Americans are watching more video than ever. While most of that viewing still takes place in the living room in front of the television—viewing time now averages five hours each day—attention is migrating to other types of screens. And with the astronomic growth of sites such as YouTube and Vimeo, the trend is accelerating. On any given day, 89 million Americans will watch 1.2 billion videos. By 2015, predicts Cisco Systems, nearly 3 billion Internet users around the world will be watching 1 million Internet video minutes every second, or 3 trillion Internet video minutes per month.
Just how quickly marketers will shift their focus to video is anyone’s guess. But there’s plenty of room to maneuver: Companies spend an average of 29 percent of their overall marketing and communications budgets on content, according to ContentWise, while less than 10 percent of the content marketing industry’s annual spend of $40 billion goes to digital, of which video is a but a subset. (By comparison, $60 billion is still spent annually on TV ads.)

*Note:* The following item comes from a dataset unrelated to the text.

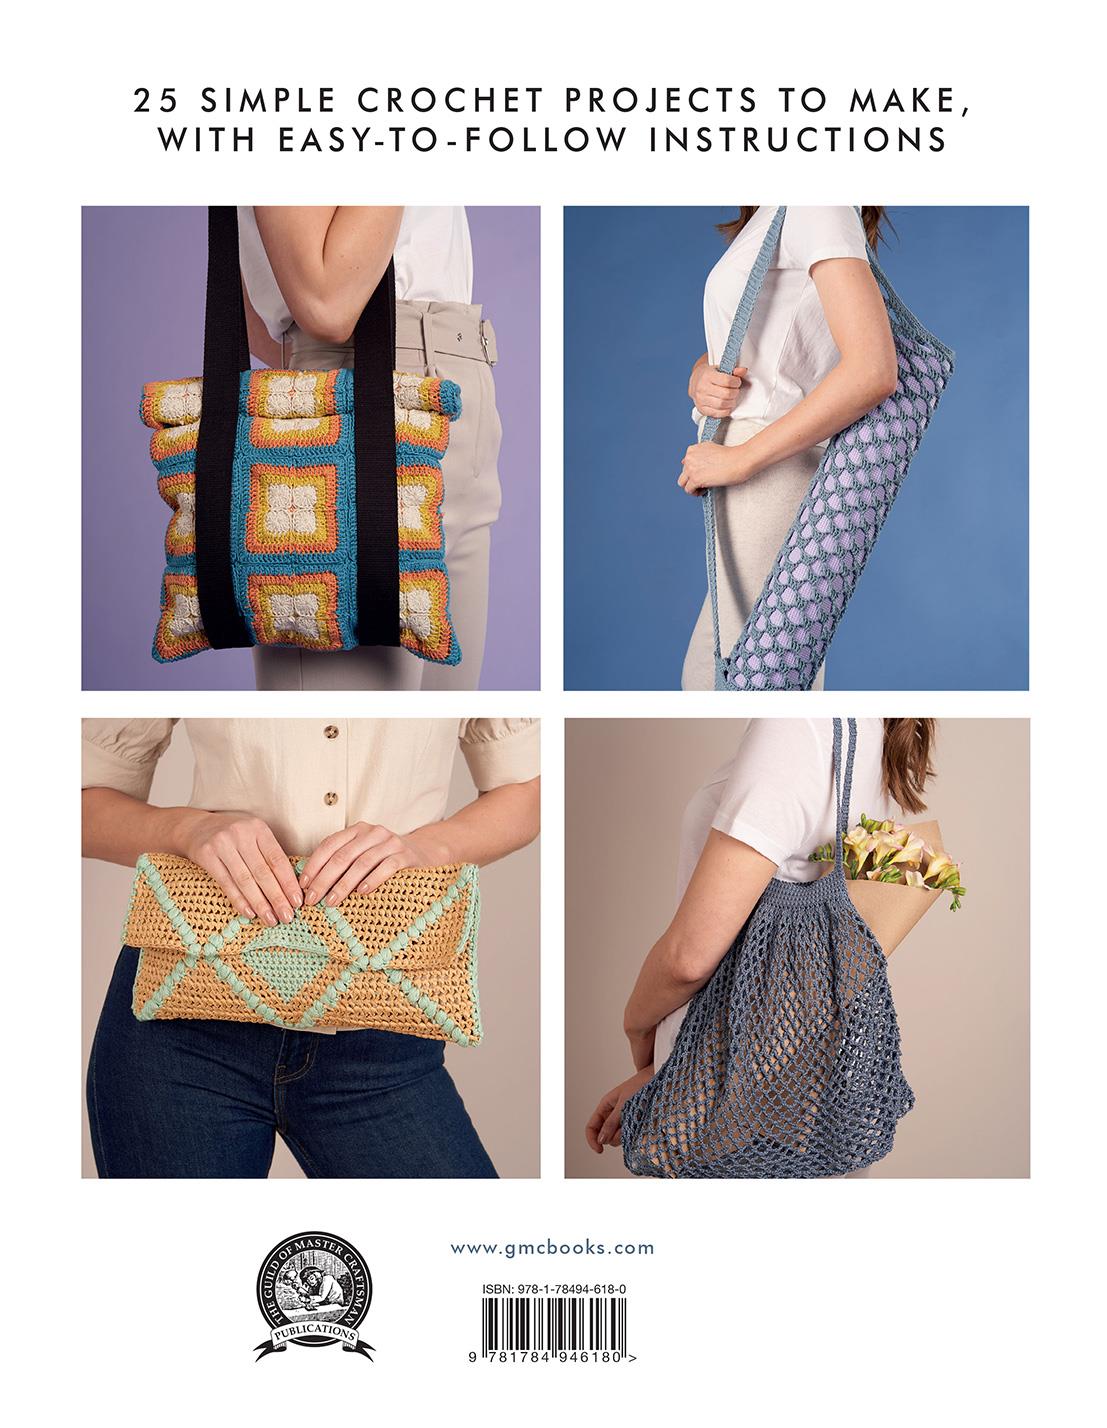 Weekend Makes Crocheted Bags - Pattern Book by Emma Osmond

What is clear, however, is that savvy content marketers are actively exploring the opportunities presented by video in all its forms. “I just feel the energy and the excitement and the groundswell about this,” says Kevin Goddess, president of McMurry division Sparks Productions, which saw its video business double in the last year. “People are starting to put more money into this, migrating how they are communicating.” Sparks’ recent work includes a high-end production of a “vision statement” for a senior NCR executive, a series on Chinese cuisine for the restaurant chain P.F. Chang’s, and the videos that accompanied Samsung’s one-day takeover of Times Square to launch its 3D TVs.
Companies such as Texas Instruments, HP, Teradata, Puma, and GameStop are among the companies that have used D Custom’s digital services to produce “experiential videos,” which are aimed at inducing powerful experiences through very high production values combined with a strong sense of physicality when viewed in large, multiple-screen environments. Think of how Disney uses videos at its parks, or how Nike features videos at its corporate headquarters or in-store. The same can be done for videos used at trade shows, for interactive online training or at customer-experience centers. “That’s where digital is going,” says D Custom’s president Gordon Locke. “It’s the ability to capture the imagination of your customers when you have them in a much more experiential environment.”

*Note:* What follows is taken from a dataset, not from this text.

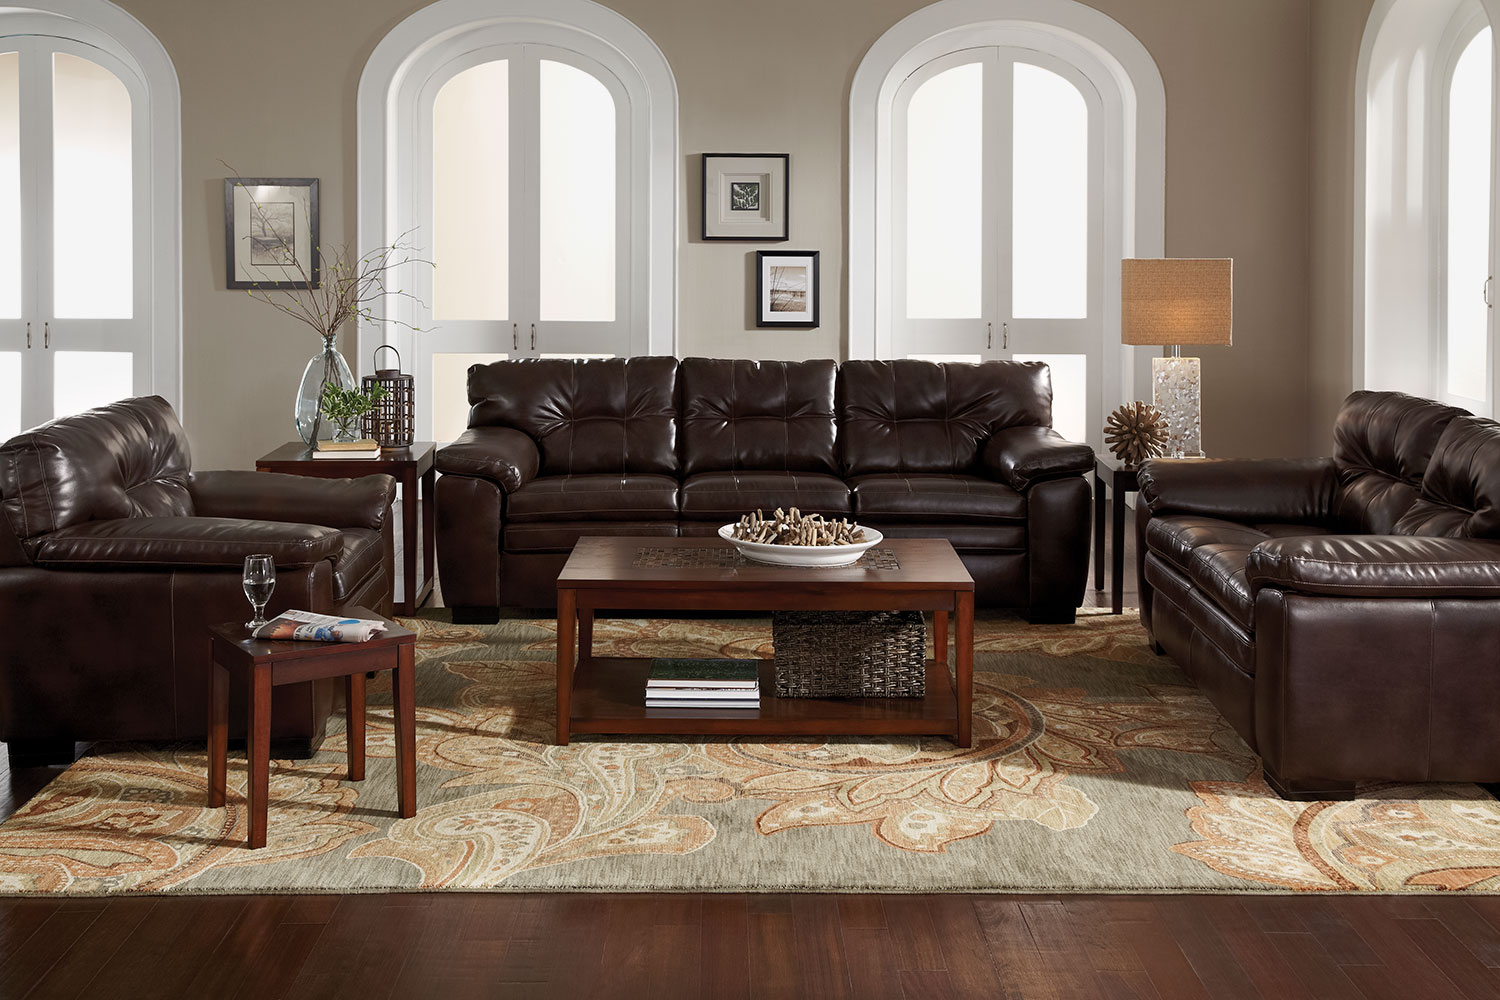 Magnum Sofa and Chair Set - Brown | Value City Furniture

Video is fun and engaging, unparalleled at soliciting emotion, and effective for conveying complicated information. It provides the immediacy of one-on-one, almost in-person communication, reaching audiences that are potentially unlimited. There may be no better medium for conveying the personality and energy of a company—whether it’s a hip youth-oriented brand or a gray-suited professional firm—to audiences both outside and inside the company.

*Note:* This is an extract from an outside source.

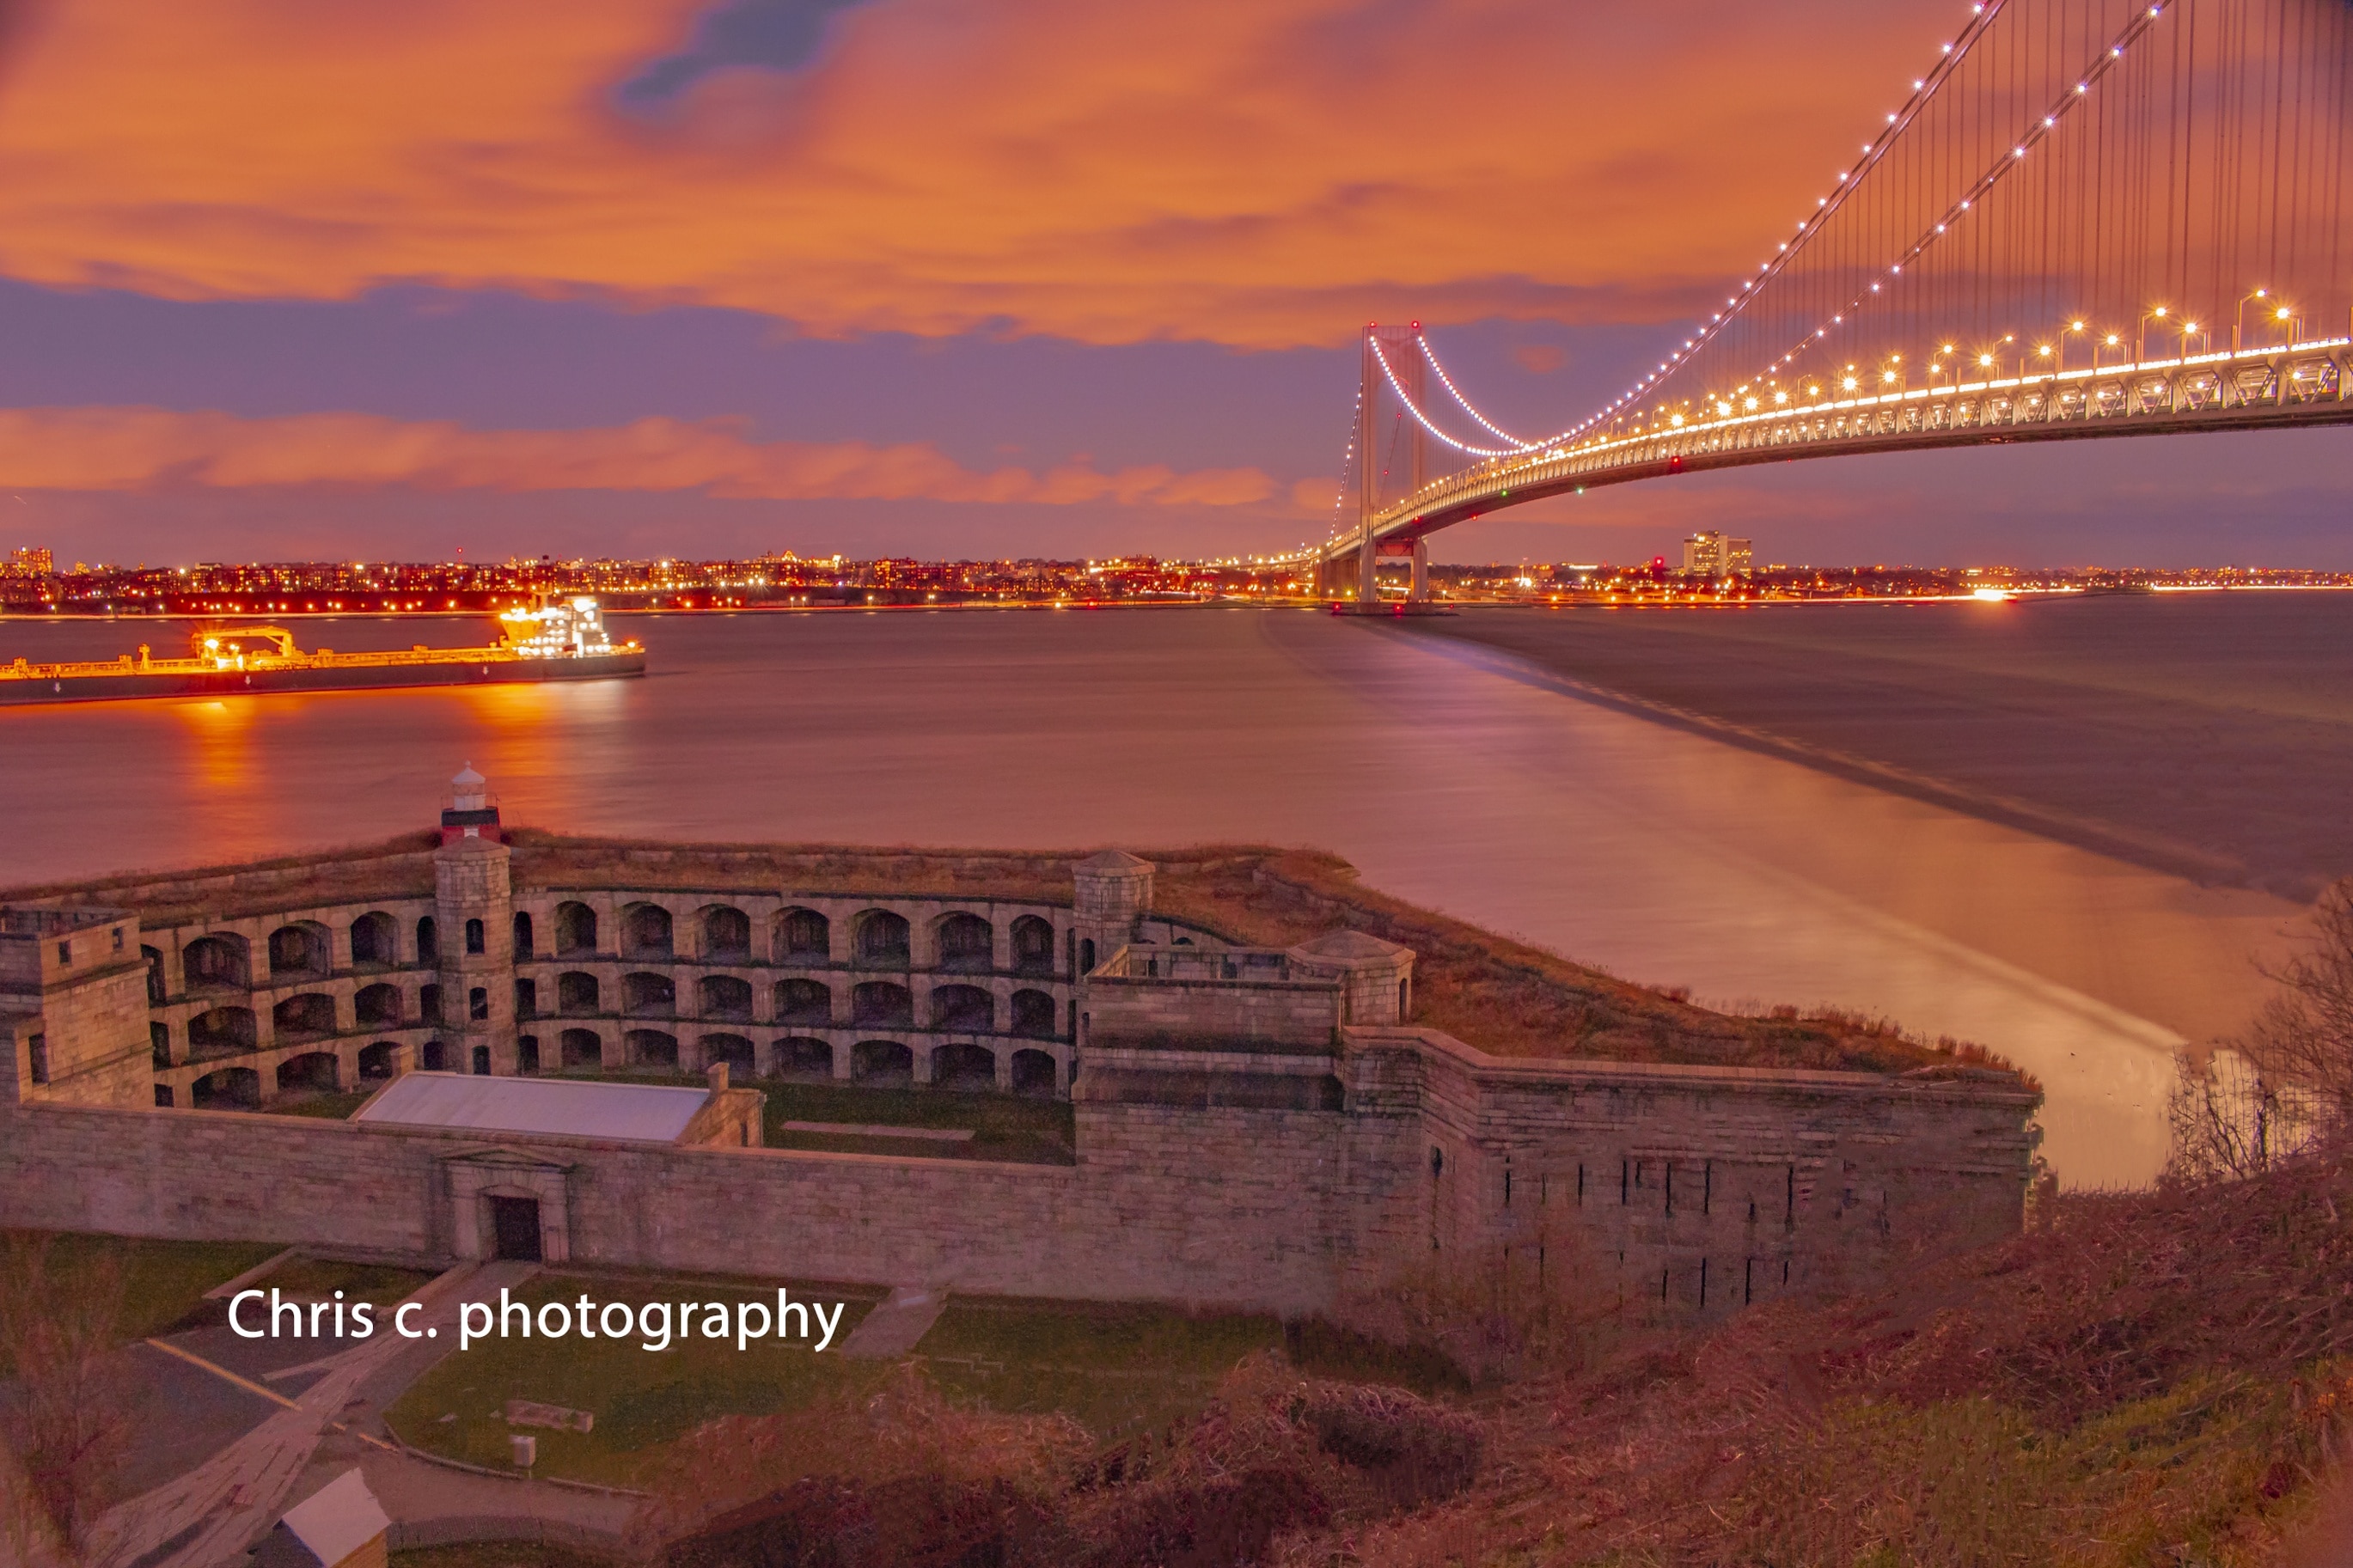 this is my 2nd shot from fort wadsworth. this time with both the fort and the bridge in the shot. this is a great site to see at night or sunset. the veiws are amazing.

VIDEO’S VISCERAL VERSATILITY
For Vermont’s Green Mountain Coffee Roasters, videos not only significantly streamlined the company’s hiring function, it became part of its overall branding. Green Mountain hired King Fish to produce videos for the careers section of its website that include employee testimonials and a presentation by each department head describing their ideal employee. The hiring outreach manifests the company’s image and lets the department play a role in the vetting process that would otherwise be far too cumbersome for Green Mountain, which—after nearly seven years of double-digit net sales growth—employs 1,400 people at a dozen sites.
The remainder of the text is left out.